Vanadium is a major transition element that is released primarily by the burning of fossil fuels, including petroleum, oil, coal, tar, bitumen, and asphaltite. Among Vanadium compounds, Vanadium pentoxide is highly toxic [33]. The IARC classified it as a possible carcinogen to humans (Group 2B) in 2003 [34].

4.8 Zinc

Occupational studies of workers exposed to zinc by inhalation (usually in the presence of other trace elements such as copper, lead, arsenic, and chromium) have not implicated zinc as a risk factor for cancer [35].

Advertisement

5. Behavior, fate, and effects of trace elements in the respiratory tract

The fate and behavior of trace elements in respiratory tract are fundamental to understanding of their health effects and in recent time has become a key aspect of potential health risk assessment.

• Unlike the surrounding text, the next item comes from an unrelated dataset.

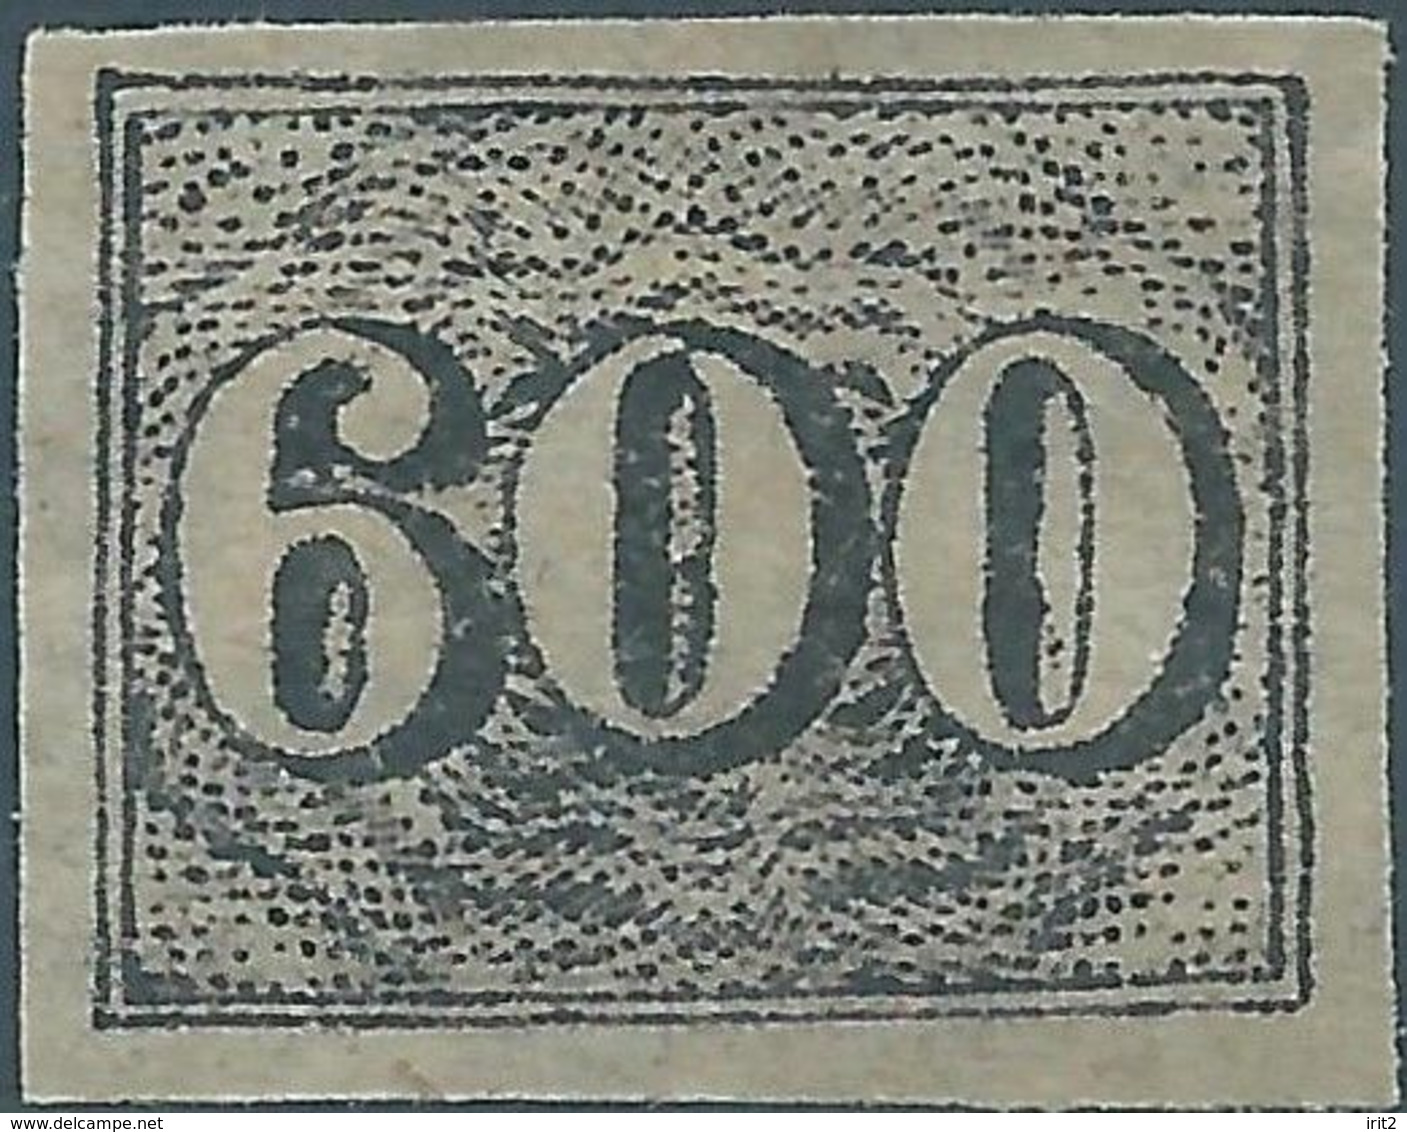 Brazil Brazile,1850 Value Stamps - 600R Hinged,ORIGINAL GUM,Value:€500,00,Rare - Unused Stamps

5.1 The respiratory tract and deposition of PM in the lung

Particulate matters are inhaled during breathing. Upon inhalation, deposition of the particles in the lung may occur through five different mechanisms: sedimentation (gravity), inertial impaction, interception (particle-surface contact), electrostatic deposition, and diffusion. These mechanisms generally occur in different regions of the respiratory tract [36, 37]. Human respiratory tract can be divided into the upper respiratory region (nasal airway, pharynx and larynx), the lower respiratory region (trachea and bronchi) and the alveolar region. Figure 2a shows the particle size distribution in human respiratory tract. Meanwhile Figure 2(b) llustrates the health risk of trace elements and bioaccessibility questions. The extent of particle deposition in the lung is determined by the physicochemical properties of the particles, such as size, shape, density, and surface chemistry [38] (see Figure 2a). Breathing conditions, like ventilation rate, mouth or nose breathing, and airway geometry are other factors that affect particle deposition [39]. The transportation of particles into the lung can be explained by their aerodynamic diameter [40]. Meanwhile, materials with an aerodynamic diameter below 5 μm are predominantly deposited in the alveolar regions of the airways [41].

Figure 2.

(a) Dust particle sizes distribution in human respiratory tract (b) human health risk and bioaccessibility questions.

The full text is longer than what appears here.